The trivet should rest solidly in the little U shaped rest stop, groove when closed. If you find that a little shim there quiets the rattle it could be that the trivet top needs a very slight tweak in leveling. To do this swing out the trivets and look low, beneath the side of the trivet you will see a leveling bolt just behind the pivot hinge. Adjust in small increments, like just a 1/4 turn to lower the front of the trivet so that it seats more firmly in that U shaped rest stop.

The glass should be straight-forward to replace. It looks pretty simple.
 
its an old house originally - though it was some what re-done the original hand carved timbers used underneath to support the house are pretty solid despite their age. the floor isntre ally too springy - there arent really any creaks in the floor for instance. but if you go running by the front of the stove it will make something rattle. For instance - if I take the swing out castors by hand and try to jostle them (when cool of course) you can simulate the rattling. For the most part when you are simply walking by there isnt much of a rattle. just when there is heavy traffic - i.e. several people etc...

In regards to the glass - is there any concern of breaking a seal? or re-applying this same seal with the new glass?? I wouldnt want to render the stove useless just because of some overspray.... maybe its just something I shoudl leave alone? I am probably the only one that will ever notice.
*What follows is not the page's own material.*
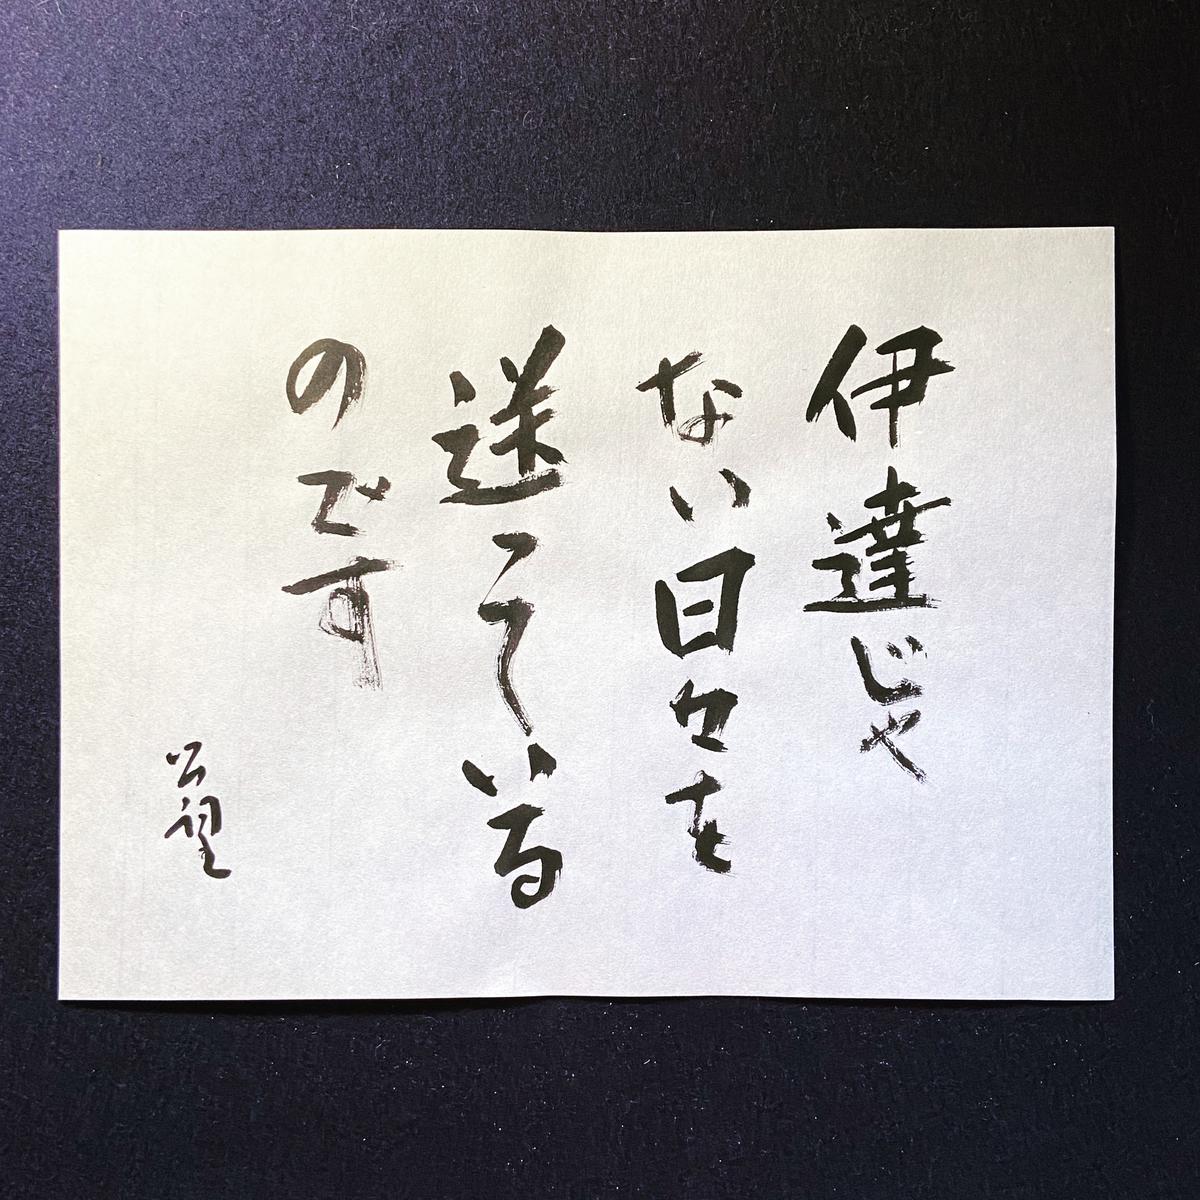 f:id:saifukuji:20200806204603j:plain

But I will always know...
 
I haven't removed the glass on this stove, but it looks like a simple compression fit. From what I see, the clips have slider slots that allow one to push the clip against the glass and gasket, then tighten. It looks like a nice simple system. Just don't push too hard on the glass, all it should take is a firm contact.
 
No I havent emailed PE. or Tom. any specific email address?
you mean just to change out the glass? the vendor which I purchased from has suggested that if I send in some photos that they shoudl be able to have a new one sent in. Though I doubt the overspray will show up as much in photos...

I will give it a shot. whish I had thought to inspect it when I picked it up. but I doubt it would have been noticed anyway.
 
Changing the glass is easy as pie. I had a leaky glass gasket when new and found changing it very straight forward. Get a spare glass gasket in case you find a problem with the current one. It will be a spare if you do not need it.
 
Nice photos of the stove! Hope you enjoy yours as much as I have been enjoying mine. Did you figure out where the rattle is coming from yet? I have never had my swing open top rattle before.
 
I vote for T6, I have one - love it! The surface of the stove does get dusty easily tho with the flat black finish! Thats my only downfall to it I see.
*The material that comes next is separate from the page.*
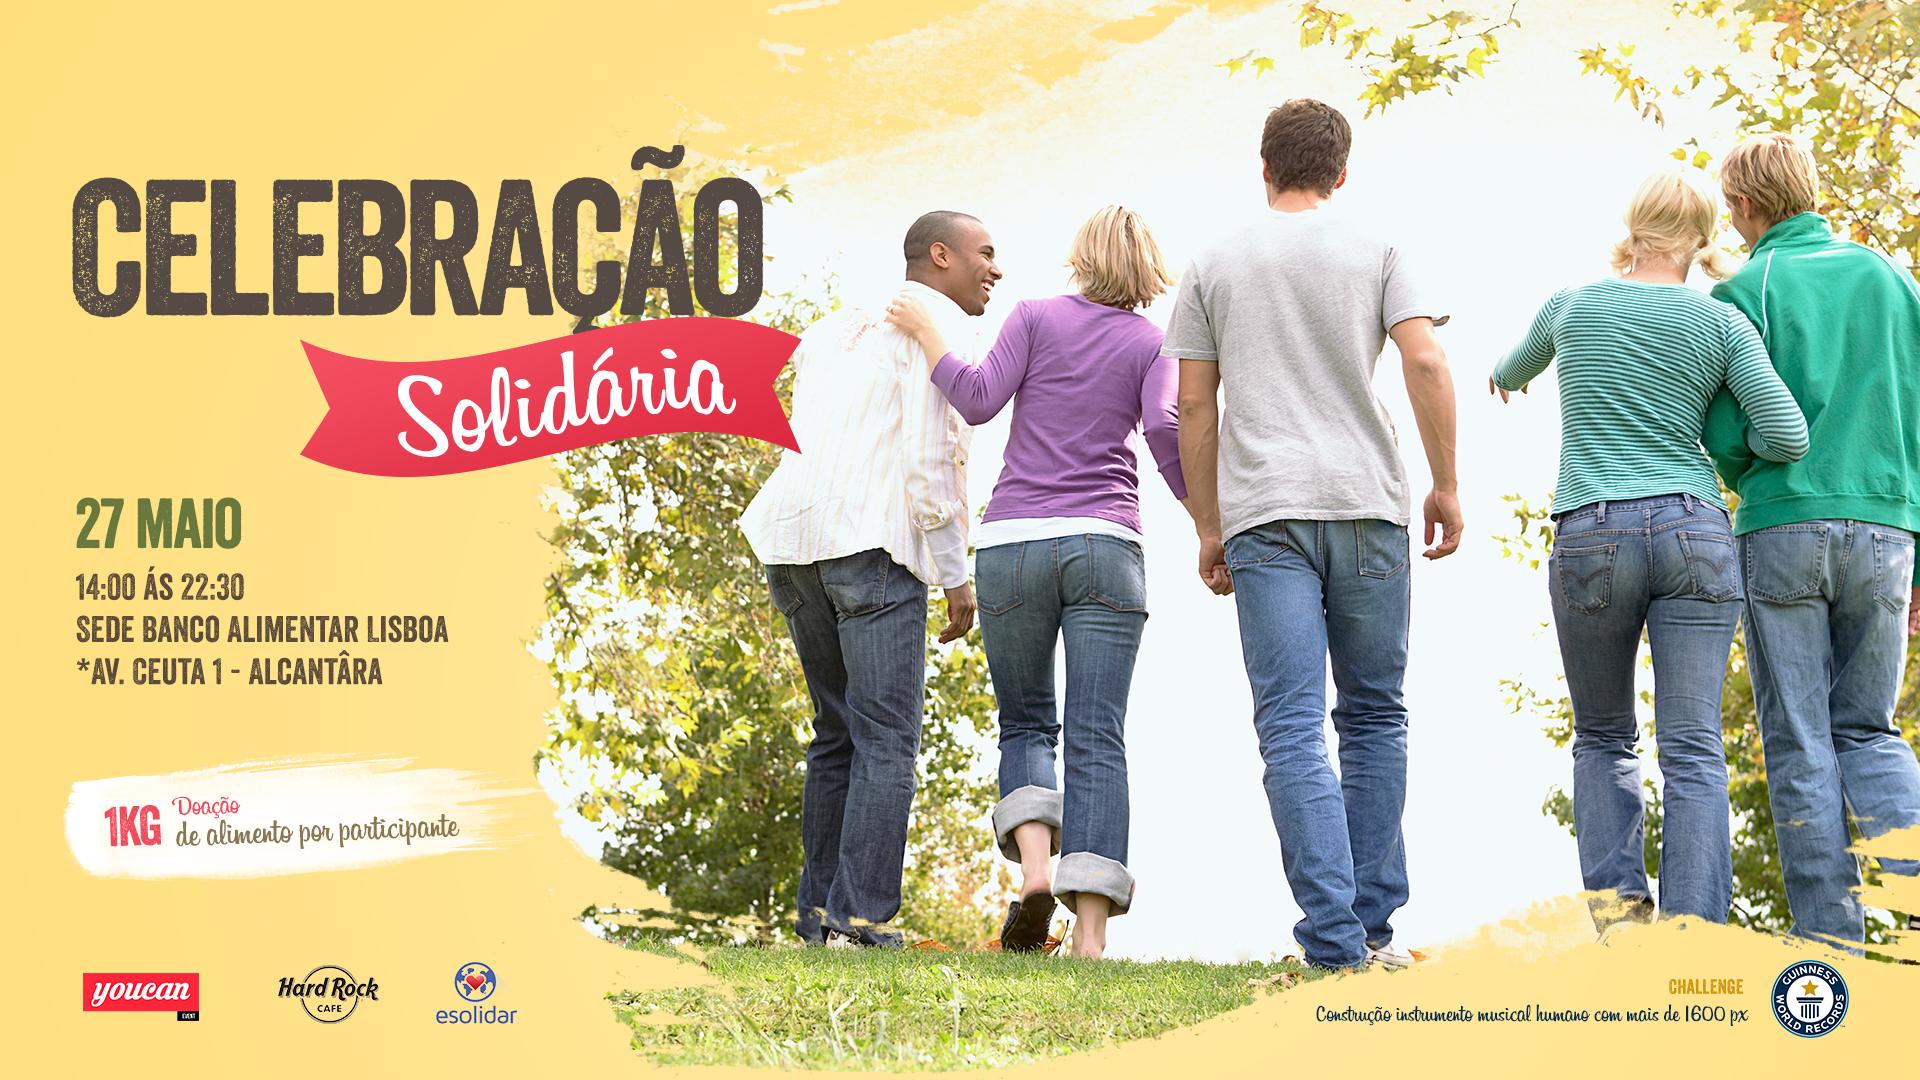 Celebraçao Solidaria

OK, now that I read pages 3 and 4 - it seems I am WAY to late to vote.....lol. Oh well, you picked a winner!!
 
BeGreen said:
The stove is built like a tank, but frequent overfiring will eventually stress out the joints and welds. Evidence of overfiring can void the warranty. For the longevity of any stove you want to avoid prolonged or repeated overfiring.

For reference, here's our thermometer location.

My o my, looks like someone spilled something on the top, tisk tisk
 
BeGreen said:
The stove is built like a tank, but frequent overfiring will eventually stress out the joints and welds. Evidence of overfiring can void the warranty. For the longevity of any stove you want to avoid prolonged or repeated overfiring.

For reference, here's our thermometer location.

what is that - placed on the right side of the top of the stove? the brass looking contraption....?
 
Top view of an EcoFan. It's actually spinning, but the flash stops the action.